Bridging Latent Reasoning and Target-Language Generation via Retrieval-Transition Heads
This work advances understanding of multilingual language models by isolating attention heads responsible for mapping to target languages, which is incremental but specific to multilingual reasoning tasks.
The study investigated attention heads in multilingual language models, identifying Retrieval-Transition heads (RTH) that govern transitions to target-language output and are more vital for Chain-of-Thought reasoning than retrieval heads. Experiments across four benchmarks and two model families showed that masking RTH induces a bigger performance drop than masking retrieval heads.

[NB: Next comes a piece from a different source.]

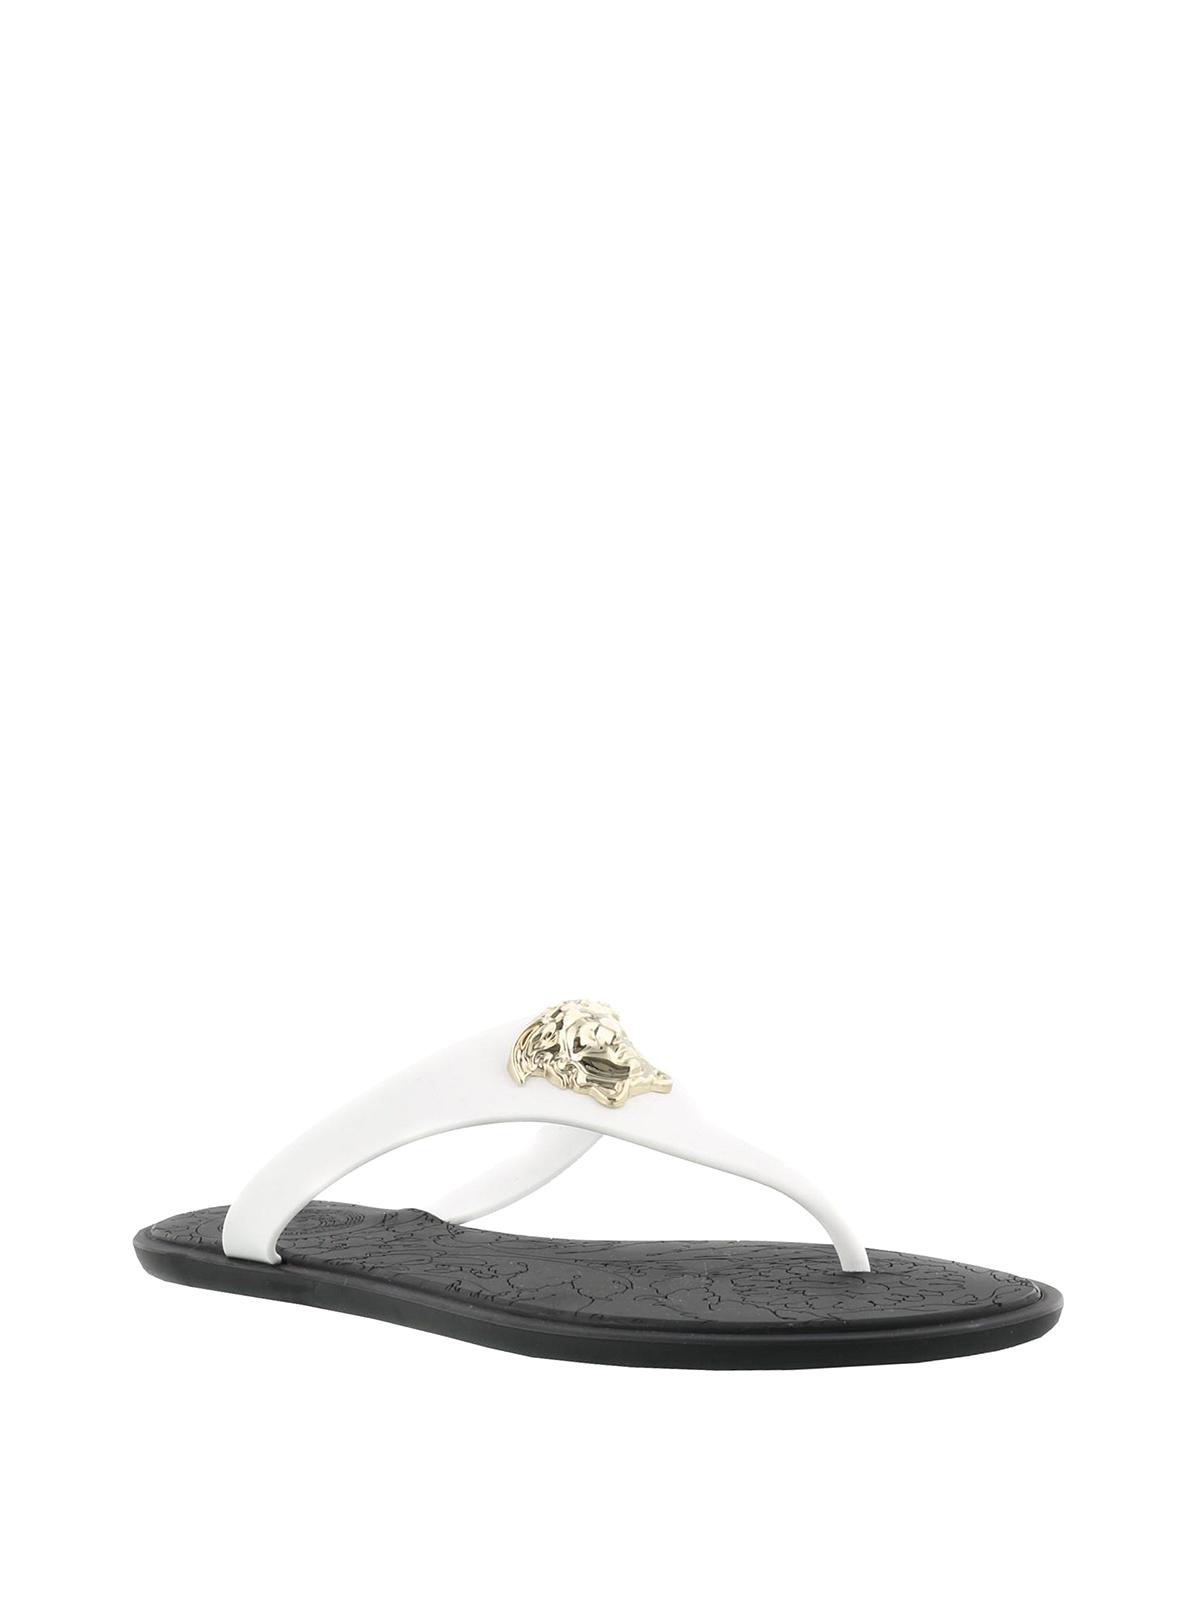 Versace - Medusa Palazzo thong sandals

Recent work has identified a subset of attention heads in Transformer as retrieval heads, which are responsible for retrieving information from the context. In this work, we first investigate retrieval heads in multilingual contexts. In multilingual language models, we find that retrieval heads are often shared across multiple languages. Expanding the study to cross-lingual setting, we identify Retrieval-Transition heads(RTH), which govern the transition to specific target-language output. Our experiments reveal that RTHs are distinct from retrieval heads and more vital for Chain-of-Thought reasoning in multilingual LLMs. Across four multilingual benchmarks (MMLU-ProX, MGSM, MLQA, and XQuaD) and two model families (Qwen-2.5 and Llama-3.1), we demonstrate that masking RTH induces bigger performance drop than masking Retrieval Heads (RH). Our work advances understanding of multilingual LMs by isolating the attention heads responsible for mapping to target languages.